MEMORY_AND_DISK will use disk if there is no enough memory. If there is no
enough memory when putting a MEMORY_AND_DISK block, BlockManager will store
it to disk. And if a MEMORY_AND_DISK block is dropped from memory,
MemoryStore will call BlockManager.dropFromMemory to store it to disk, see
MemoryStore.ensureFreeSpace for details.
Best Regards,
Shixiong Zhu
2015-07-09 19:17 GMT+08:00 Dibyendu Bhattacharya
dibyendu.bhattach...@gmail.com:
Hi ,
Just would like to clarify few doubts I have how BlockManager behaves .
This is mostly in regards to Spark Streaming Context .
There are two possible cases Blocks may get dropped / not stored in memory
Case 1. While writing the Block for MEMORY_ONLY settings , if Node's
BlockManager does not have enough memory to unroll the block , Block wont
be stored to memory and Receiver will throw error while writing the Block..

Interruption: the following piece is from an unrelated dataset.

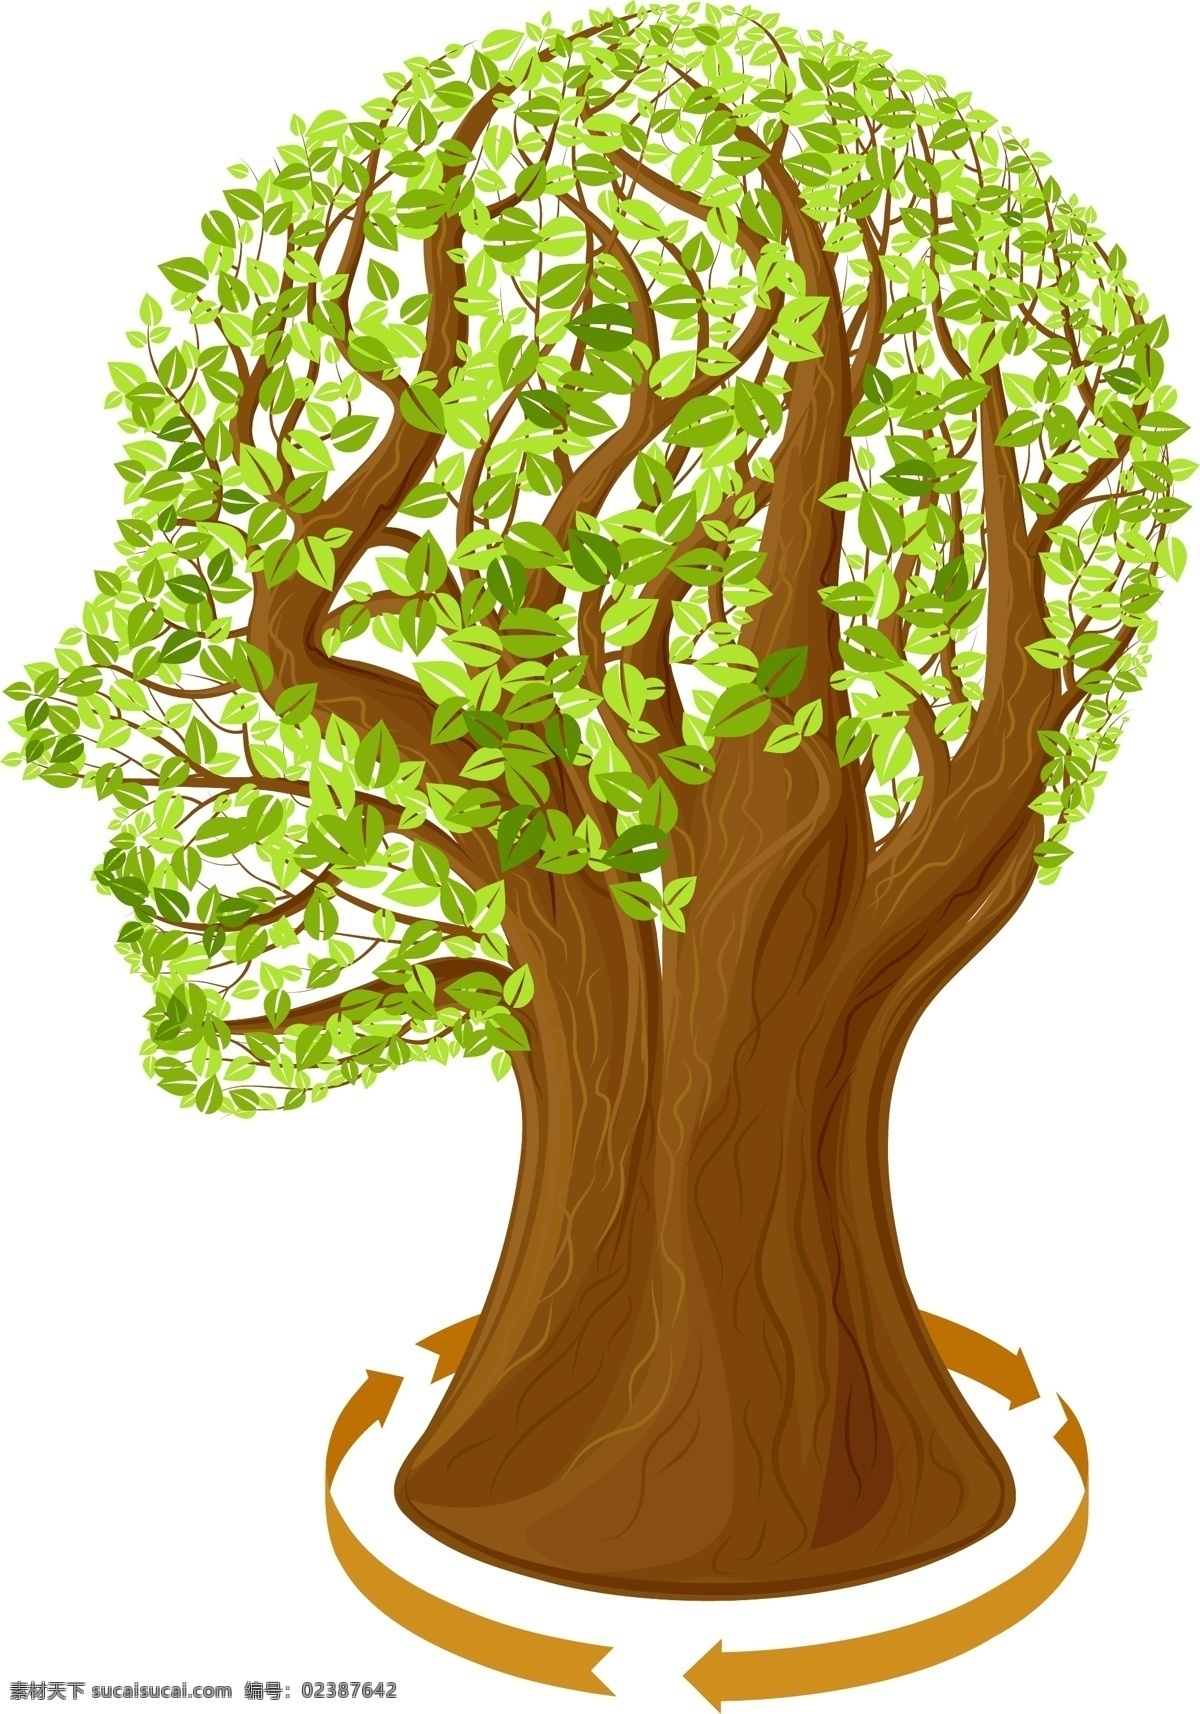 创意 树叶 人脑 矢量 脑袋 叶子 树木 大树 植物 箭头 循环 装饰 卡片 插画 背景 海报 画册 创意设计
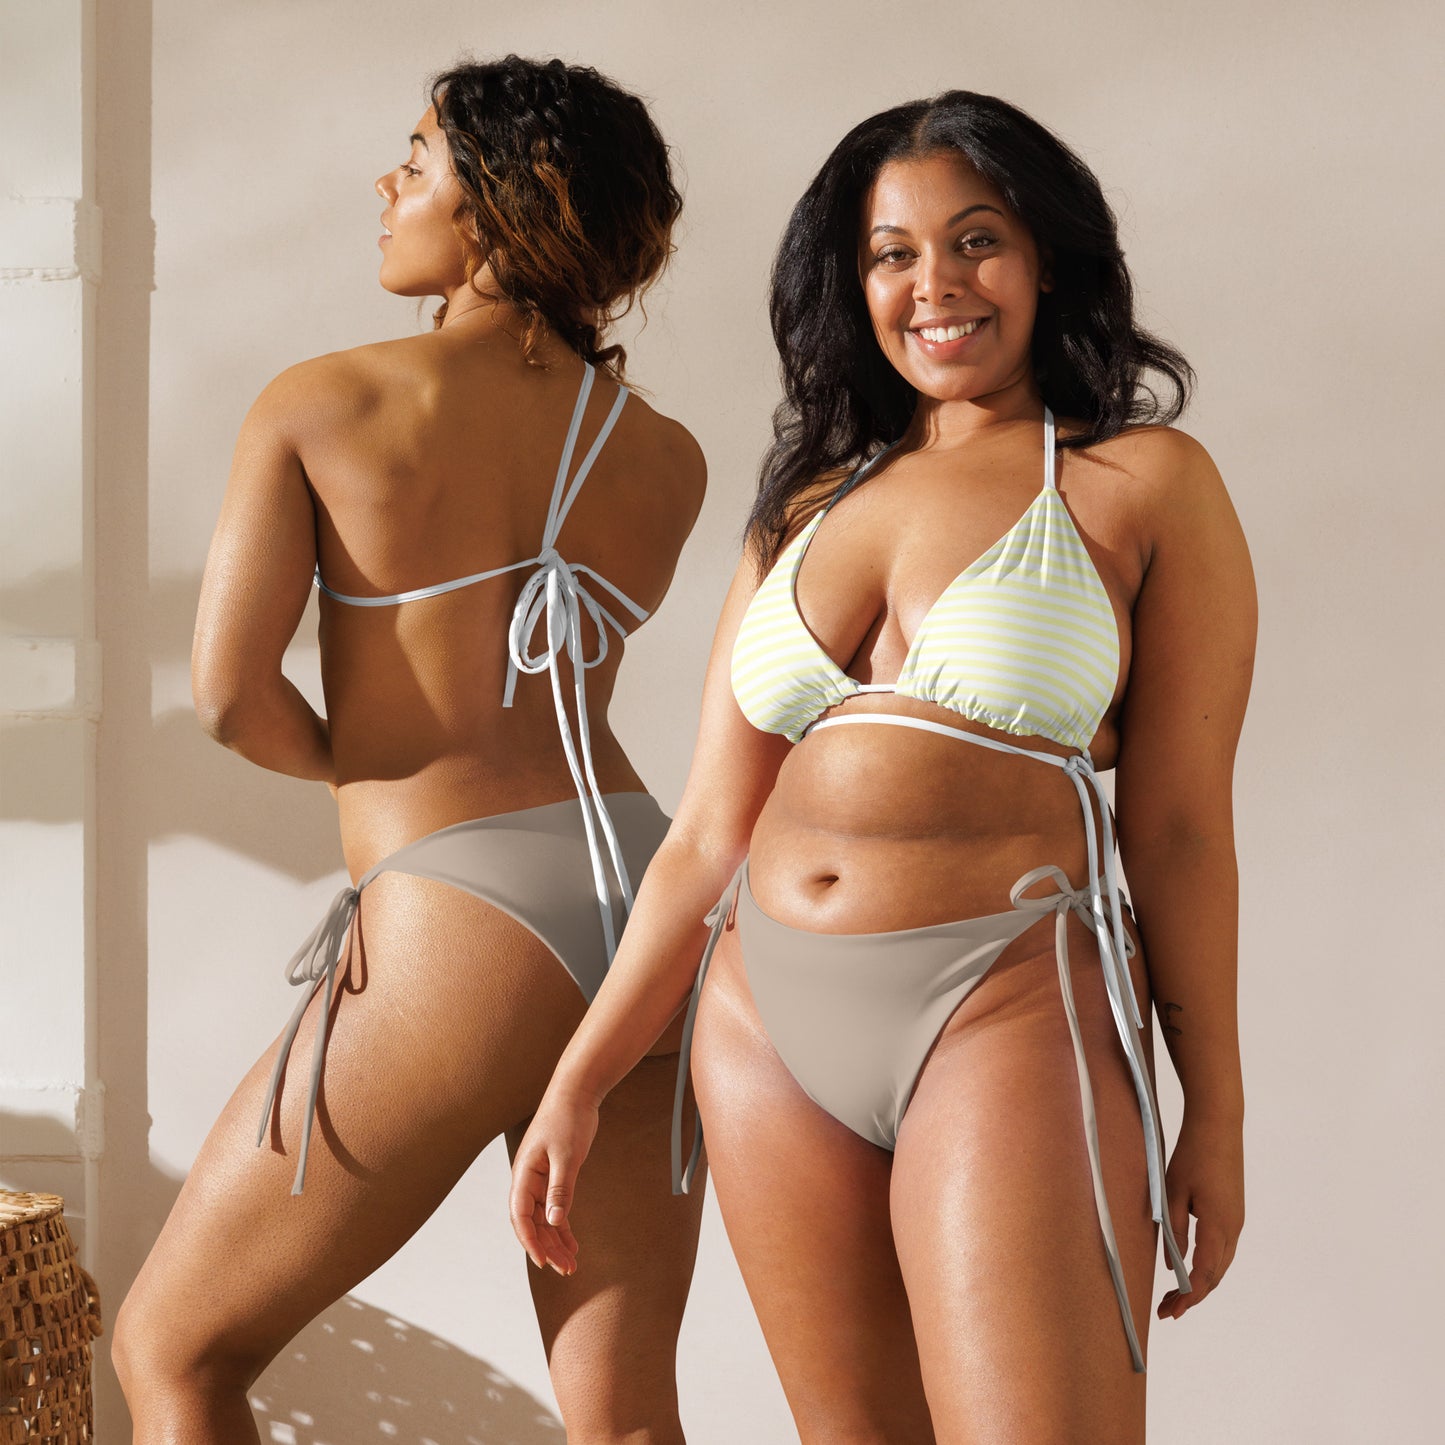 String Bikini Top | Pastel Lemon - Stripes by aisoi Swimwear & Beachwear

If StorageLevel is using Disk ( as in case MEMORY_AND_DISK) , blocks will
be stored to Disk ONLY IF BlockManager not able to unroll to Memory... This
is fine in the case while receiving the blocks , but this logic has a issue
when old Blocks are chosen to be dropped from memory as Case 2
Case 2 : Now let say either for MEMORY_ONLY or MEMORY_AND_DISK settings ,
blocks are successfully stored to Memory in Case 1 . Now what would happen
if memory limit goes beyond a certain threshold, BlockManager start
dropping LRU blocks from memory which was successfully stored while
receiving.
Primary issue here what I see , while dropping the blocks in Case 2 ,
Spark does not check if storage level is using Disk (MEMORY_AND_DISK ) ,
and even with DISK storage levels blocks is drooped from memory without
writing it to Disk.
Or I believe the issue is at the first place that blocks are NOT written
to Disk simultaneously in Case 1 , I understand this will impact throughput
, but it design may throw BlockNotFound error if Blocks are chosen to be
dropped even in case of StorageLevel is using Disk.
Any thoughts ?
Regards,
Dibyendu